Hi, Working on a smooth transformation between human and werewolf and its working but isn’t as smooth as I’d like.
I’m lerping every vertex from human to werewolf vertex which is working perfectly. The issue is that I don’t know how to lerp the triangles in order for it to look smooth, at the moment I am just switching from the human triangles to the werewolf triangles which is a cheap workaround that gives me a blurry mess in the middle of the transformation rather than what I want which is a half werewolf half man creature.
Any ideas?
(May be useful to know: they have different skeletons and need it to work for animations)
[USER=“3140864”]MostHost LA[/USER] Thanks for your reply, I’ve started taking a look into this and am wondering if I’d need the same number of vertices on both the human mesh and werewolf mesh? I could definitely make the skeleton the same as long as the skeleton is dynamic and bones can get longer for example. Is that possible? Thanks again!
Bones can deform at runtime, the mesh has to have the same number of vertex to go from a to b.
thing is, if you need to add fur you can just add it as an additional mesh.
same thing with sectioning off the human parts, you can make them modular and include more verticis inside that aren’t visible when human. For instance. Its just a heck of a lengthy process to do it since you can’t just sculpt, you have to take what you have and modify it to taste without additions/subtraction of vertex.
I would focus on transforming a forearm first with 3 shape keys, one for nails, one for musculature, one for fingers. So you can activate them at different times and get some cool effects.
Also, UVs don’t change, keep that in mind. You won’t be able to have the transformed version use a different UV layout. Different texture, overt time, thats possible. But you need to build so that the geo looks good in both states with proper texel density, so I would unwrap the transformed version… and have the human texture be smeared/stretched.
You don’t mention if you are trying to do this in UE4 or using some kind of 3D app so as an idea seed this is how I would go about it using 3ds Max
First you need a master and it’s target. For the master we can use a rigged human and for the target the werewolf which was built off the human so it’s a valid target.
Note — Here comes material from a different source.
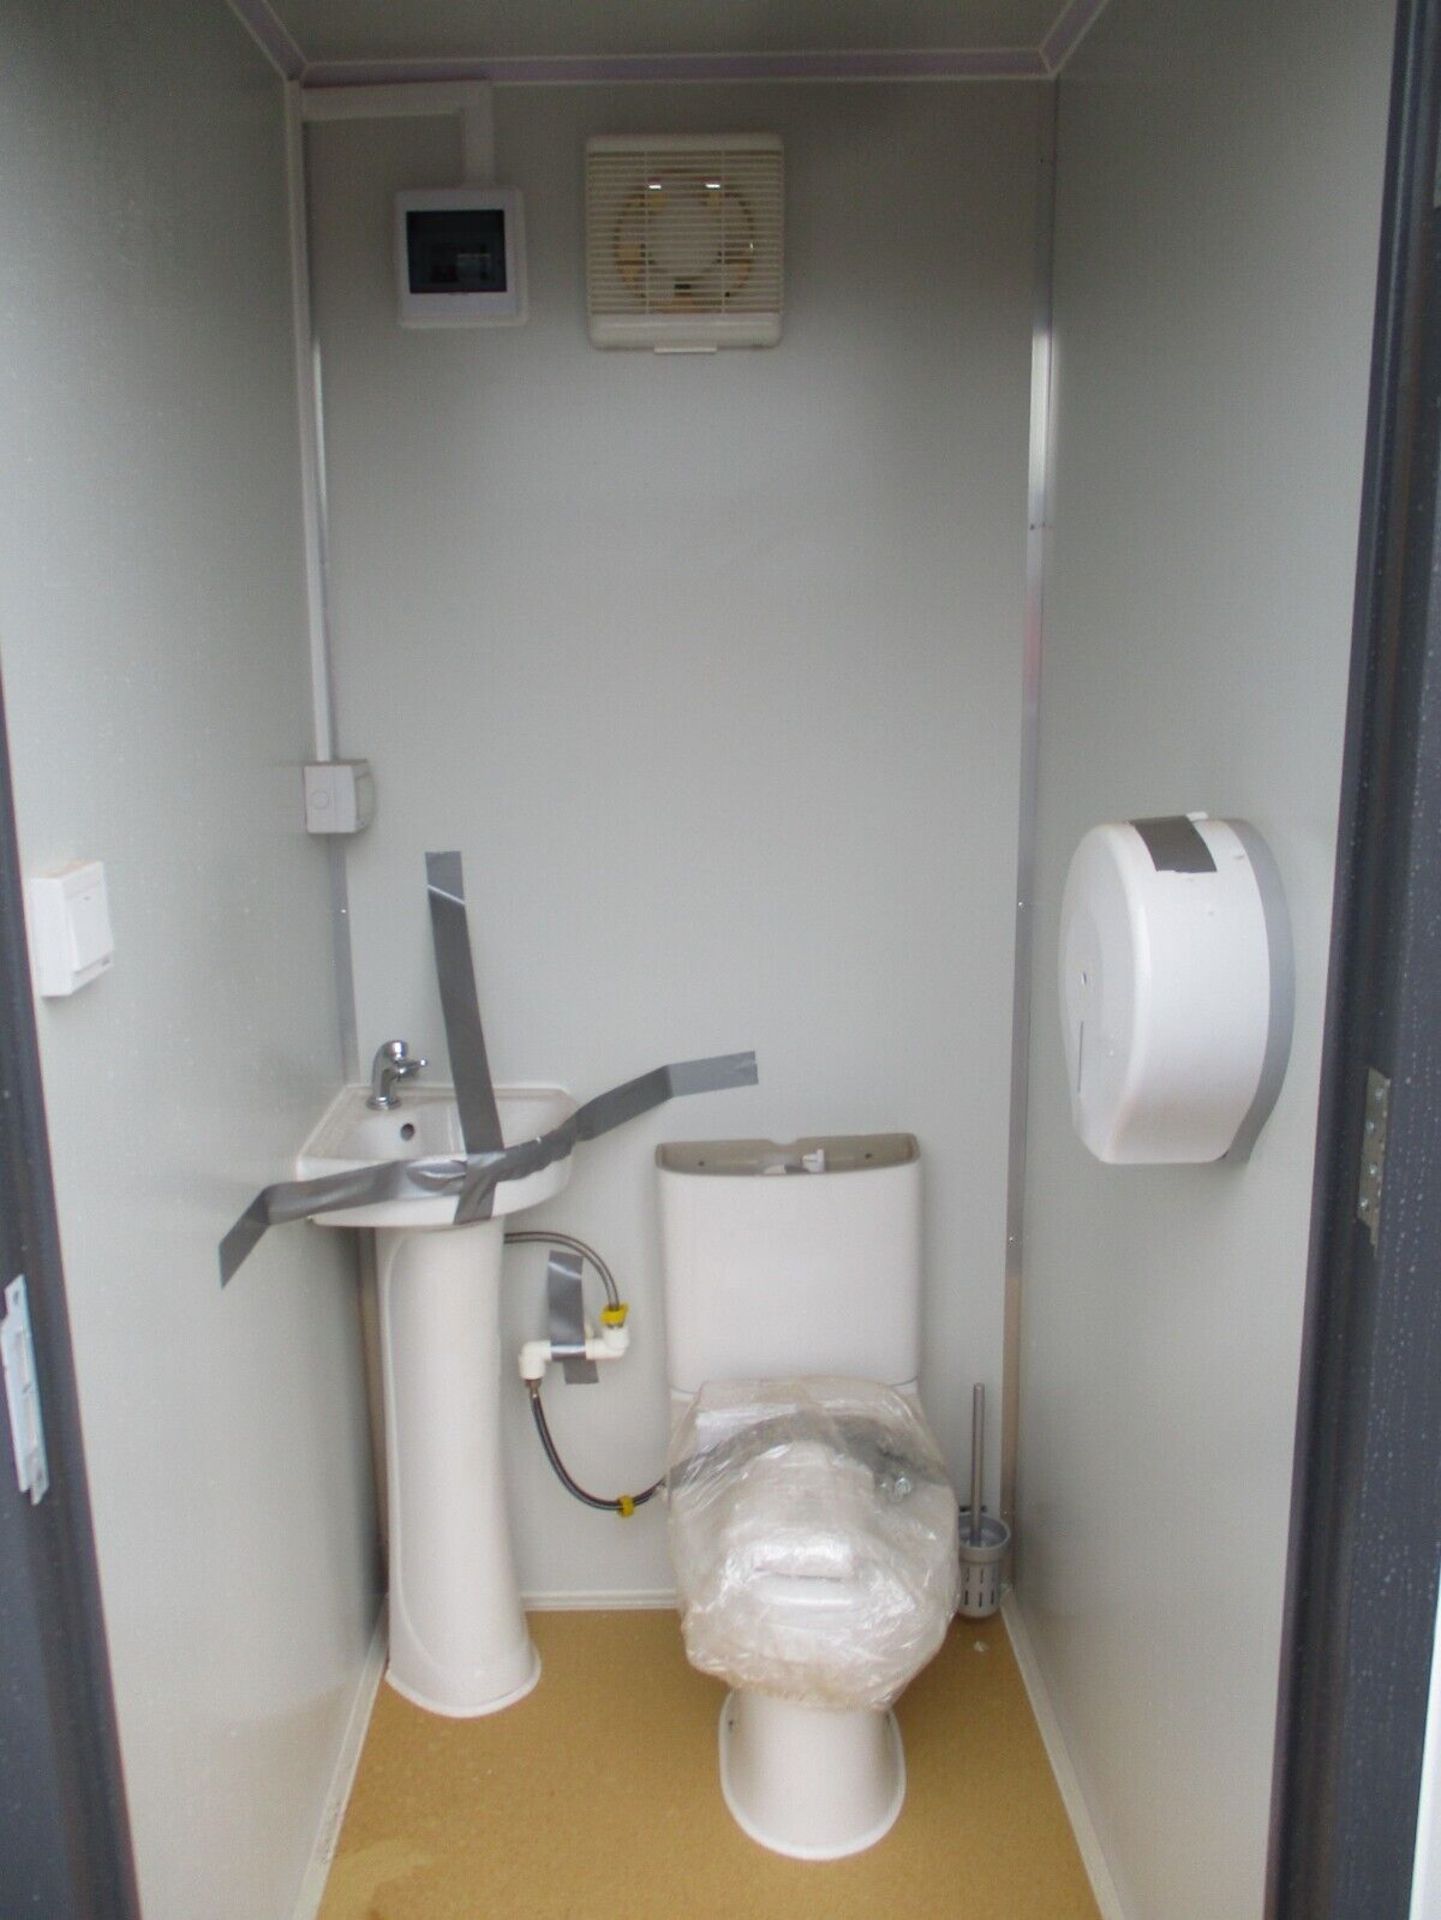 NEW SHIPPING CONTAINER TOILET BLOCK - Image 5 of 5

Next we want the legs to be human and the torso to be werewolf.
Select the rigged human model and drop down the stack and add a morph modifier and select the werewolf as the target. When set to 100% the human should now transform to the werewolf.
To set it so that only the the torso morphs drop down further in the stack to the edit poly modifier and select the vertices that you want to morph, could be the other way around it’s been a while, and jump back up to the morph modifier and set it to 100% and you human torso should now morph to a werewolf torso leaving the selection alone.
To do a Werewolf in London type of transformation clone your human master with the morph set to 100% and make that a new target and jump back and forth between the master human and the base werewolf target making individual selection until the morpher has a full set of animated transforms and animate from human to werewolf and export to UE4 using the Alembic geometry cache exporter.
[USER=“3140864”]MostHost LA[/USER] Thanks again for your reply. Really going to struggle to keep vertices the same. I should have said that I’m only worried about shape as I already have a glow effect that will be constant during the entire transformation.
Transformation process:
Human starts to glow more and more
Glow is constant and Human gradually changes shape into Werewolf
Glow comes off Werewolf.
Trying to think of ideas to avoid vertices issue:
-I’m currently setting vertices max limit in LOD level to keep vertices the same but that won’t work for the new way that we are suggesting I imagine.
-Could set up 2 meshes just for transforming in Step 2 above, so a human mesh 2 that is almost identical to normal human mesh and same for werewolf. But the difference is that the human mesh 2 and Werewolf mesh 2 have same number of vertices?
If it doesn’t need to be perfect you could use something like the Blender shrink-wrap modifier to transform the warewolf model into the human model without changing the actual number of verticis.
Since you don’t need the material to actually work / the UV map doesn’t really matter too much with glowing effects, this would probably work OK.
The process would be to set up a shape key, add the modifier, and apply it with the key value maxed out.
At that point moving the slider should affect the transform.